2008 Ikeda Forum: How Our Experiences with Death Change Us
The Fifth Annual Ikeda Forum for Intercultural Dialogue took a new look at the cycles of life and death. Held at the Center’s conference space in Cambridge, Massachusetts, on Sept. 20, 2008, the Forum investigated the “deeper continuity of life and death that we experience as individuals and express as culture,” a concept put forward by founder Daisaku Ikeda in his 1993 Harvard University lecture, “Mahayana Buddhism and Twenty-first Century Civilization.”
In that lecture he also issued a challenge to “establish a culture based on an understanding of the relationship of life and death and of life’s essential eternity.” The immensity of this challenge became apparent during the day’s wide ranging dialogue, which was organized under the theme “Living With Mortality: How Our Experiences With Death Change Us.” The potential benefits of fearlessly “facing death,” both personally and socially, became clear as well.
The Forum was divided into two distinct sections. The morning was designed to elicit individual, transformative experiences with death and dying. The afternoon featured a diverse panel — hospice physician Pam Kircher, educational philosopher Megan Laverty, psychologist Anthony Marsella, and social historian Vincent Harding — exploring the cultural changes that might accompany our increasing acknowledgement of death as something natural and awe-inspiring rather than strange and threatening.
After welcoming remarks from Center Executive Director Virginia Benson and Center President Masao Yokota, the more than 100 attendees engaged in a series of small group dialogues facilitated by Kircher. Dialogues were structured around two core directives/questions: “Share one experience with death that changed you.” “As you have had other experiences with death, how have your own views toward life and death changed?”

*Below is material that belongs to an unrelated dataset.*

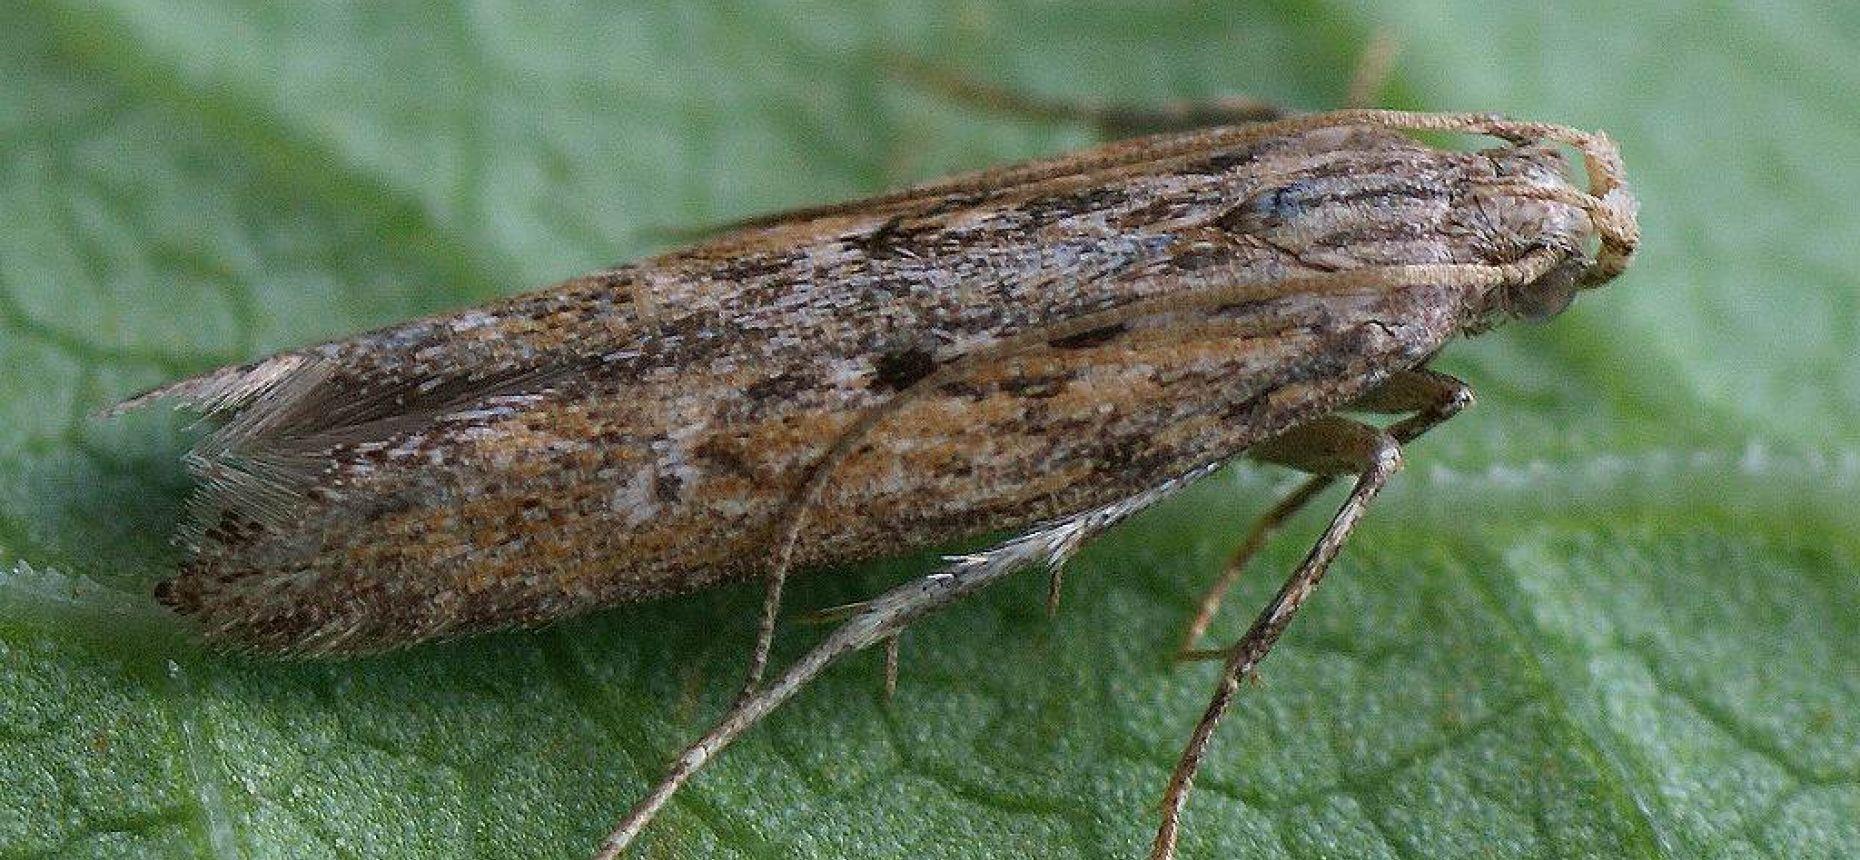 Картофельная моль - Phthorimaea operculella Zel.

As participants engaged in deep sharing and deep listening with one another, diverse truths and lessons learned emerged. “Share the ‘essence’ of who you are with your loved ones,” said one participant. “Be sensitive to the sorrow of those who have suffered/experienced loss of a loved one,” said another, adding, “They may not even know what they need.” And: “Your words and actions can be a gift for another person’s life.” Through the multitude of observations, perhaps one core truth was confirmed: There is no experience more humanizing than death – both for those who face it and for those who are with them as they do.
The afternoon session, called “Possibilities for Cultural Change,” began with Kircher sharing how medical treatment in the United States, as well as the experience of dying itself, has been humanized considerably since the advent of hospice care in the 1970s. In essence, our conception of life is shifting from an emphasis on quantity to an emphasis on quality. More than anything, said Kircher, our more open and humanistic approach to death and dying is helping Americans discover that it is our relationships that matter above all, “more than our accomplishments and financial acquisitions.”

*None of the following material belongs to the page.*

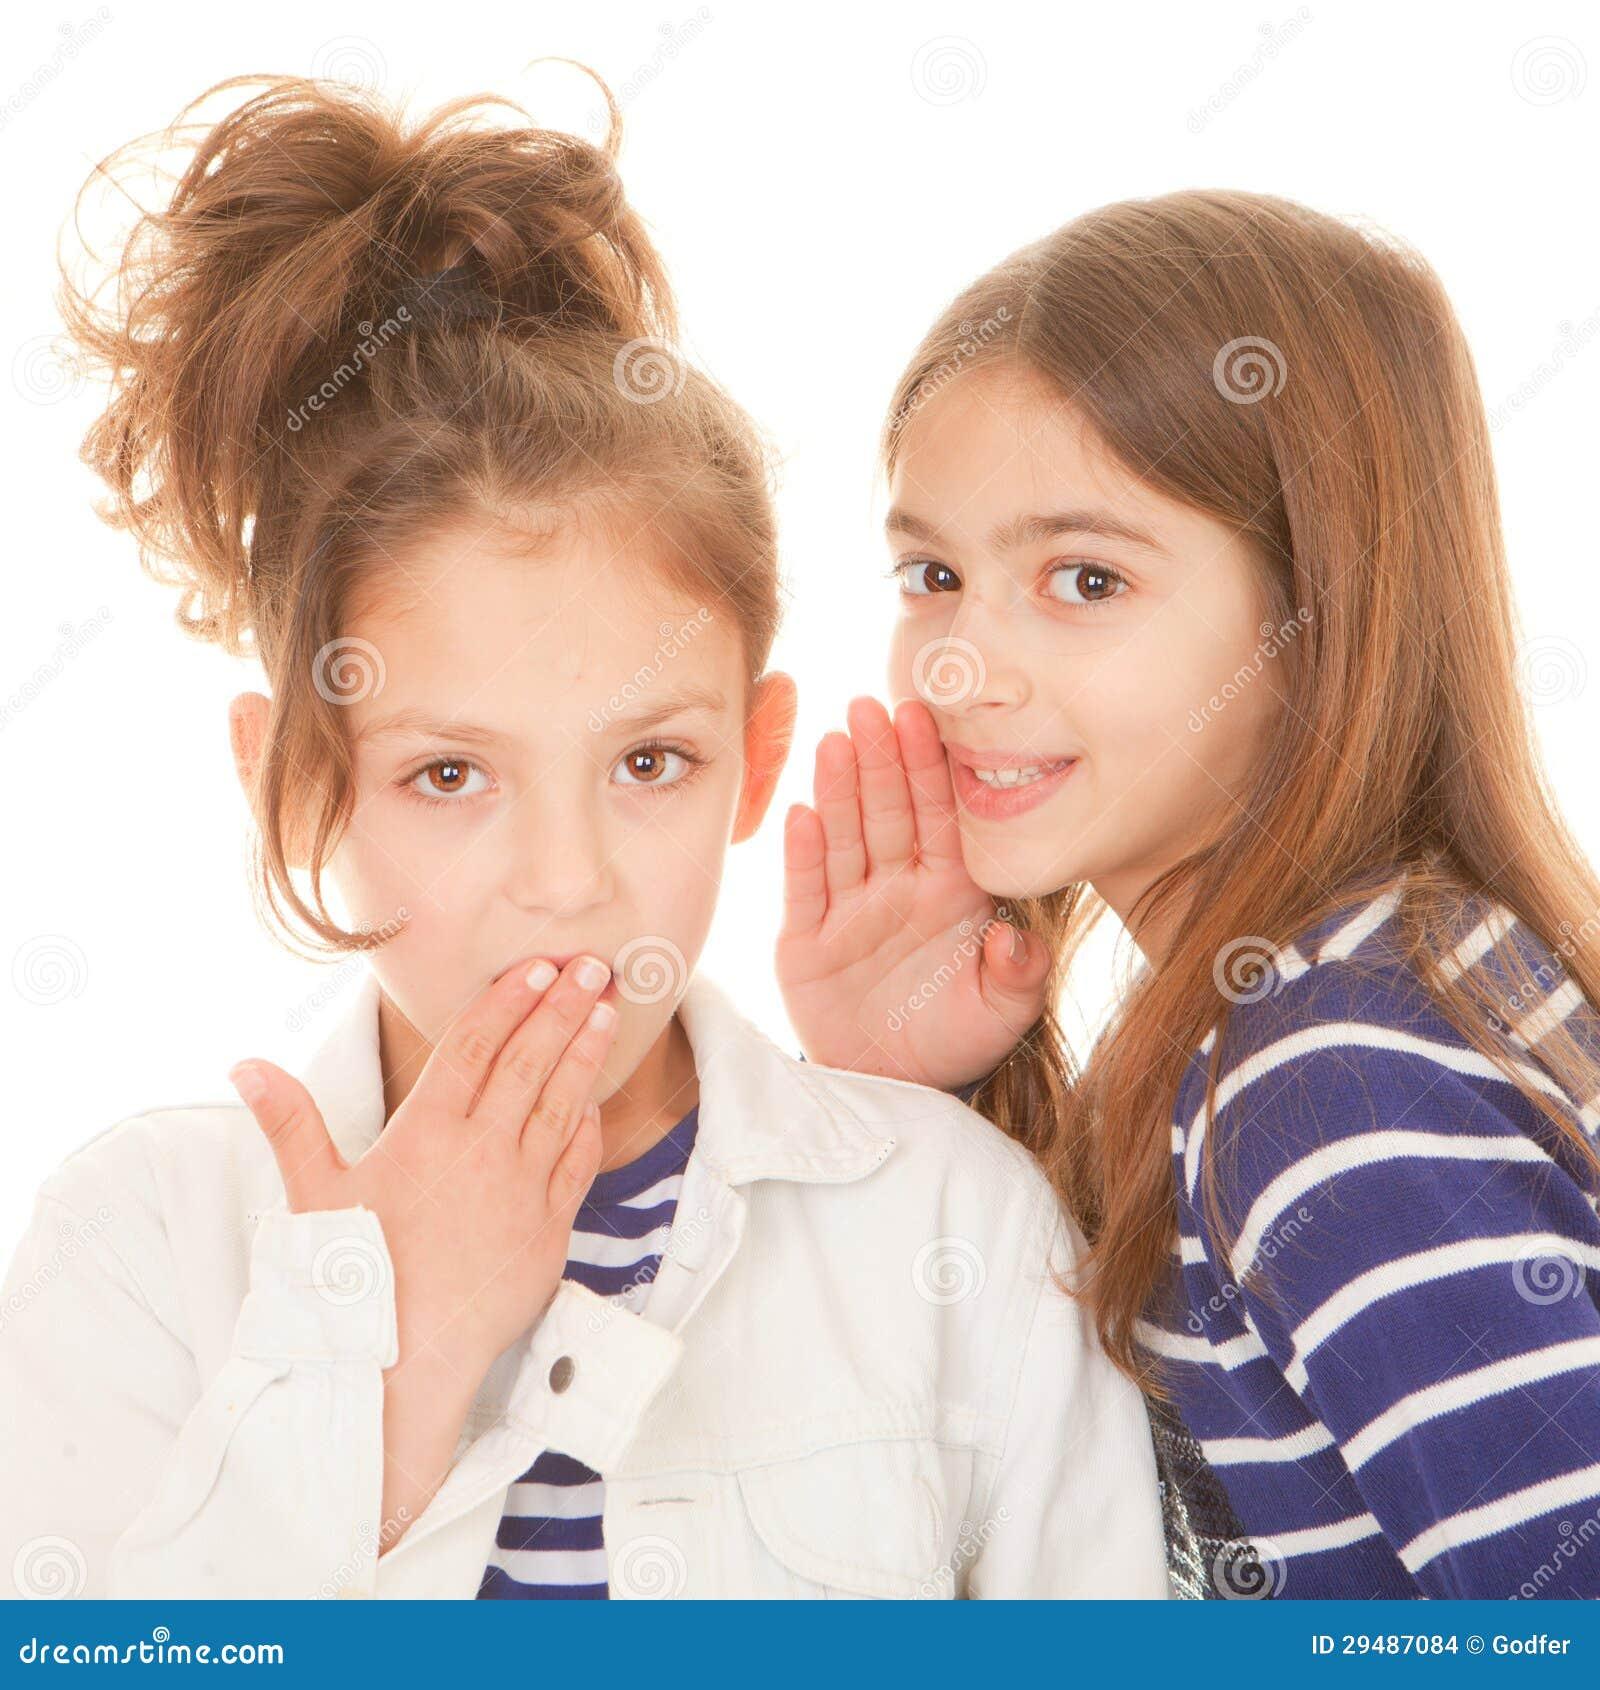 Children Whispering Secrets Stock Images Image 29487084

Next, Anthony Marsella, president of Psychologists for Social Responsibility, referencing Ikeda’s lecture, suggested that the truest mystery is not found in either life or death alone but in the fact that “they cannot be separated.” Our task, he added, is not only to identify with all our fellow humans but with life itself, with all the implications for human and planetary health and well being that such identification would entail.
Megan Laverty, of Teachers College, Columbia University, followed with a talk proposing that death reveals to us that we love one another from a position of “radical powerlessness.” Citing philosopher John Dewey, Laverty urged the gathering to grow into a new, childlike state. Extrapolating from her personal and instructional experience, she urged us, like children she has known and worked with, to become innocent, even at ease, in the presence of death.
Finally, Vincent Harding, professor emeritus, Iliff School of Theology, chose to explore the possibilities for cultural change from a broad social and historical perspective. He wondered aloud what might have to die in American culture as a whole for a new society to be born, one finally embodying the values and vision of his friend, Martin Luther King Jr. Harding challenged the gathering to become “hospice attendants,” easing the death of the America that has become complacent in its state of denial, fear, and isolation, and, at the same time, “midwives” facilitating the birth of a society more hopeful, healthy and just. The midwife’s core message, he said, is a simple one: “You can do it.”